Motivating example: Rational and (int num, int denom).  Every valid rational can be embedded in (int, int), and you can take the resulting value and map it back to Rational.  But you can’t take an arbitrary (int, int) and map it to Rational; if denom=0, that doesn’t fit.  So (int, int) is the big domain here, and we embed the object into the data.  But this is just terminology; it doesn’t affect your point.  

(It sounds weird because we’re used to thinking about objects as being richer, but in terms of information content, they’re not.)  

> If you accept that as the core requirement, then before we go much further we better decide what "Data" means. For the purposes of Java language design, "Data" is not the byte stream encoding. As the proposal states, and I agree, "the stream format is probably the least interesting part of the  serialization mechanism". Based on this, "Data" is defined as something between the encoding and the object. However, if we use your ctor/dtor mechanism as the example, then "Data" is the parameter list tuple. We can then make a small leap and say that "Data" in Java is an Object[] of values and the associated metadata (types, names and order). Once again, reading between the lines of what "better serialization" means, I think it is and embedded projection pair of:

Using Object[] is a reasonable choice for a data representation.  More  formally, you’re likely to build some sort of tree; Object[] lets us build this tree in a more dynamically typed manner.  A more statically typed schema might be: 

    P = int | long | double | float | string      // primitives
    D = P | record(D*)

That is, you start with primitive representations of Java’s numeric primitives and strings, and then introduce a combinator that lets you define tuples of things you know to be data.  So

    3
    (3, 3)
    (3, (3, 3))
    …

can all be described by this format.  

> Note: It's the metadata associated with the Object[] that is really what we're after. A serialization protocol could bypass the Object[] in-memory representation altogether. The Object[] is just the simplest way to represent the tuple in java for the rest of the discussion. The Java serialization implementation has the metadata we're talking about implemented in the ObjectStreamClass and the ObjectStreamField. So, potentially, an aim is to create a better ObjectStreamClass that can be used by serialization libraries without that magic it currently contains?

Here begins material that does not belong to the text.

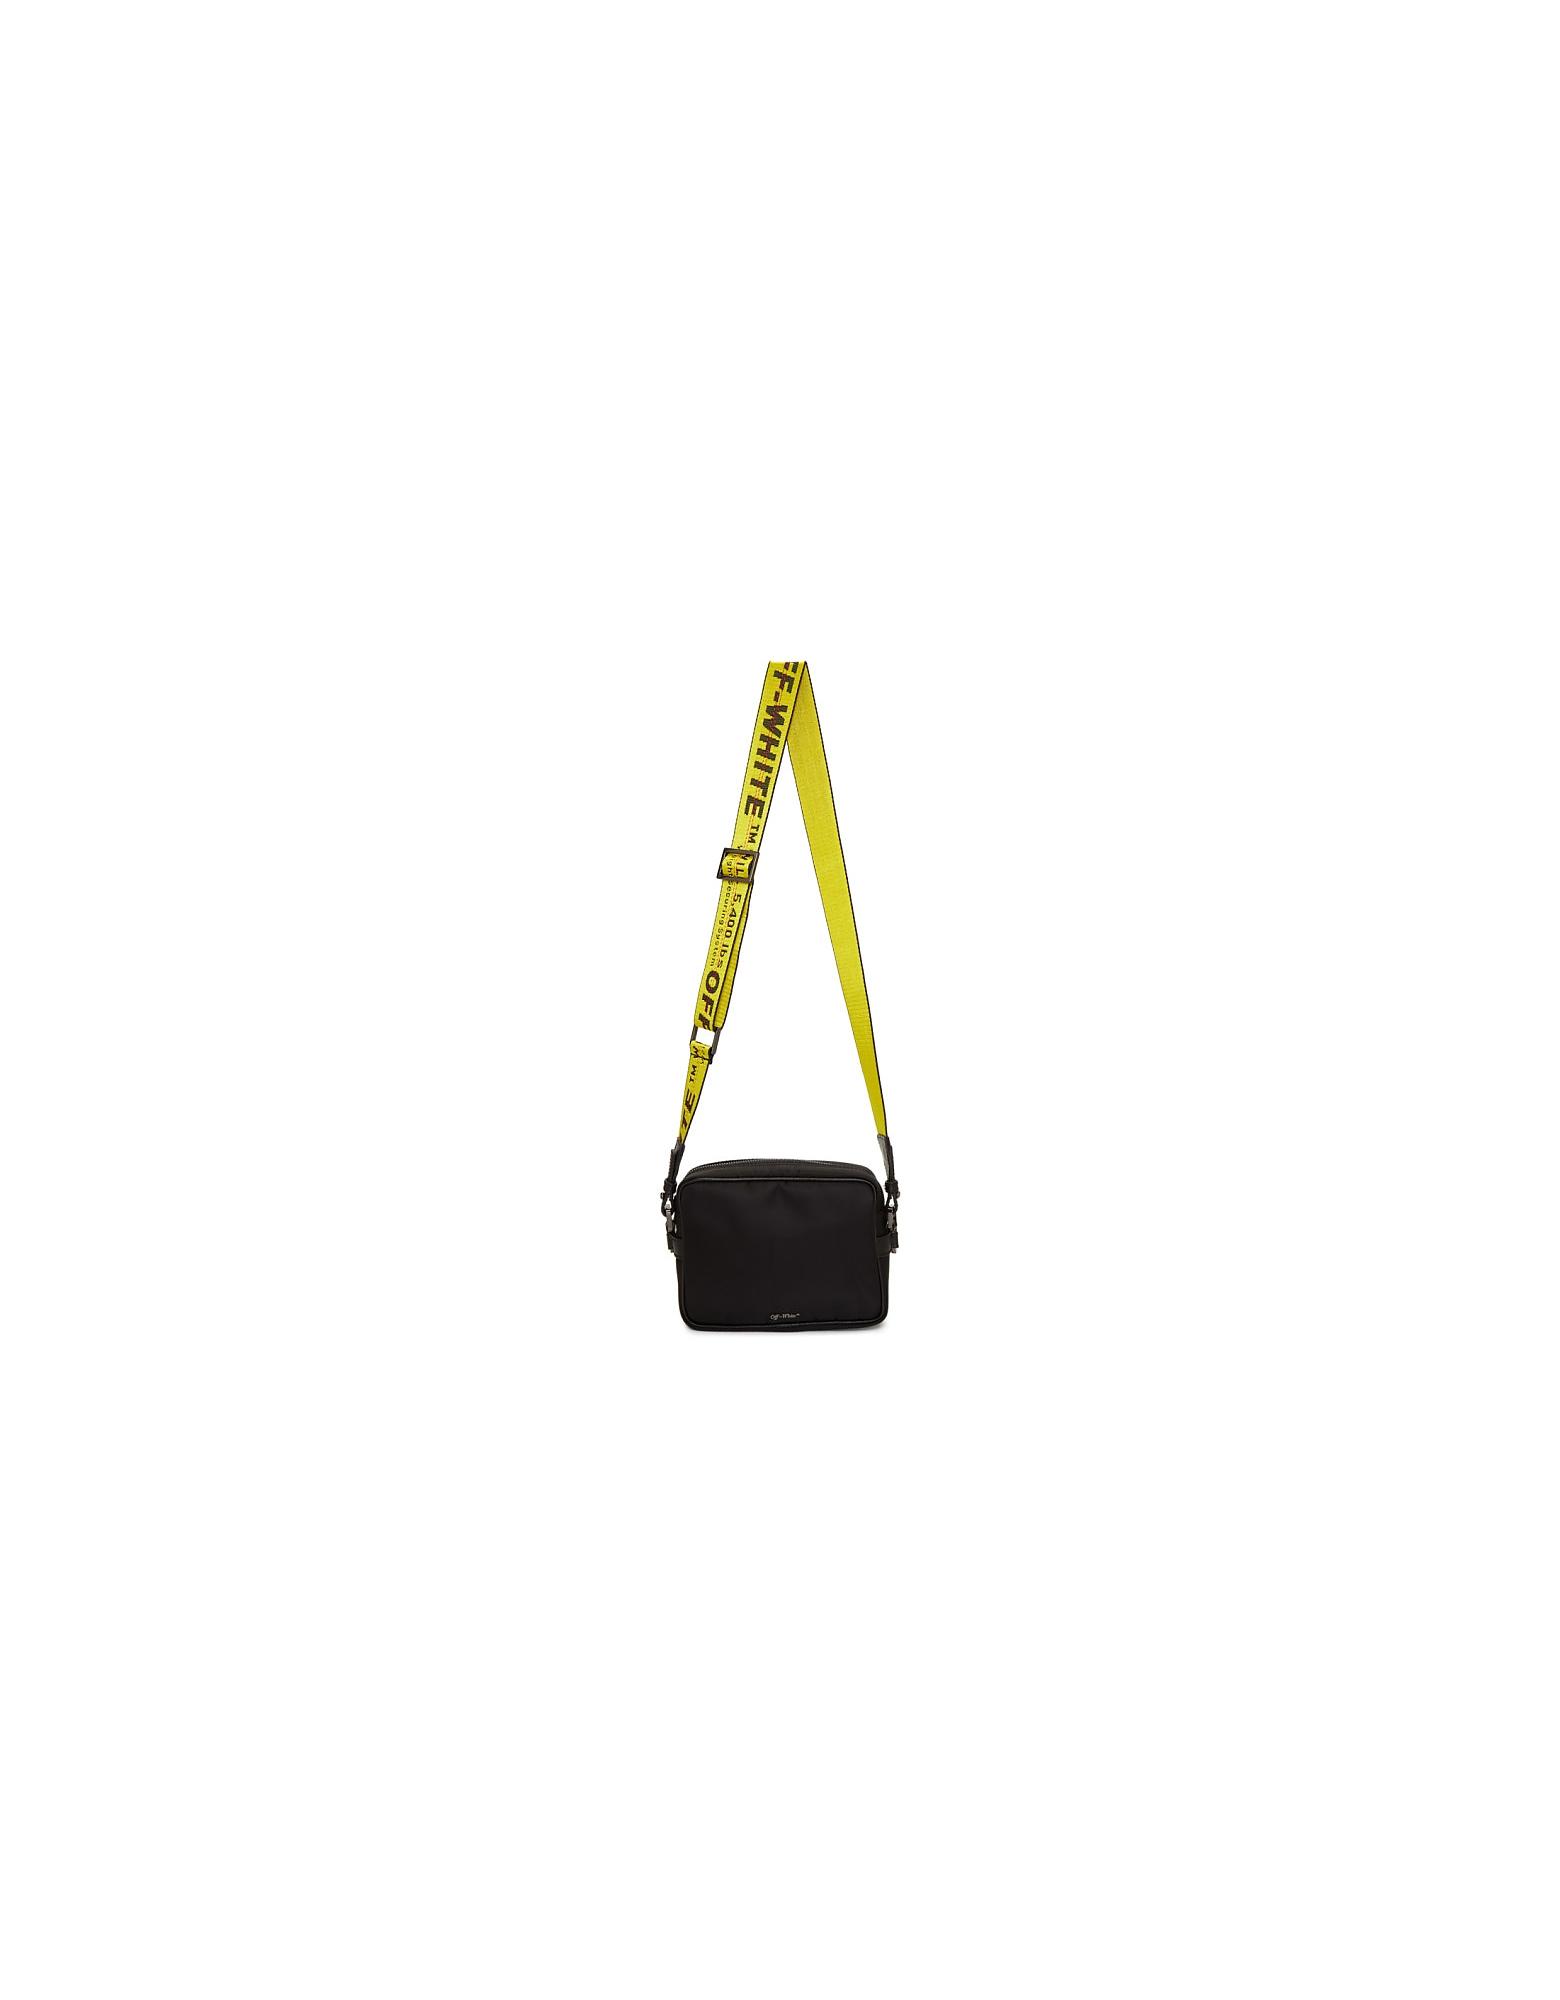 Off-White Designer Handbags, Black Crossbody Bag

One obvious option is to stick the metadata into the Object[] itself, such as a leading element that says “the next three elements are a Foo”.  Another is to attach the metadata to nominal record types as in the more structured approach.  

> On this basis, I've changed the title to "Implementing Towards Better  PEP (Projection-Embedded Pairs)", as that's the key concept that can help Serialization. There's another side discussion to be had regarding what if any restriction could be placed on the elements of the Object[]. I don't think it matters, but a class could project data elements in the array that can't be serialized.

Well, p-e pairs are more general than serialization.  For example, you can think of covariant overrides as applying a p-e pair to the return value (and you could do the reverse contravariantly for parameters.)  If you squint, you’ll see this in action in the behavior of MethodHandles::asType.  If we had p-e pairs as a primitive, then we can build serialization on top of that.  But so many other things too.  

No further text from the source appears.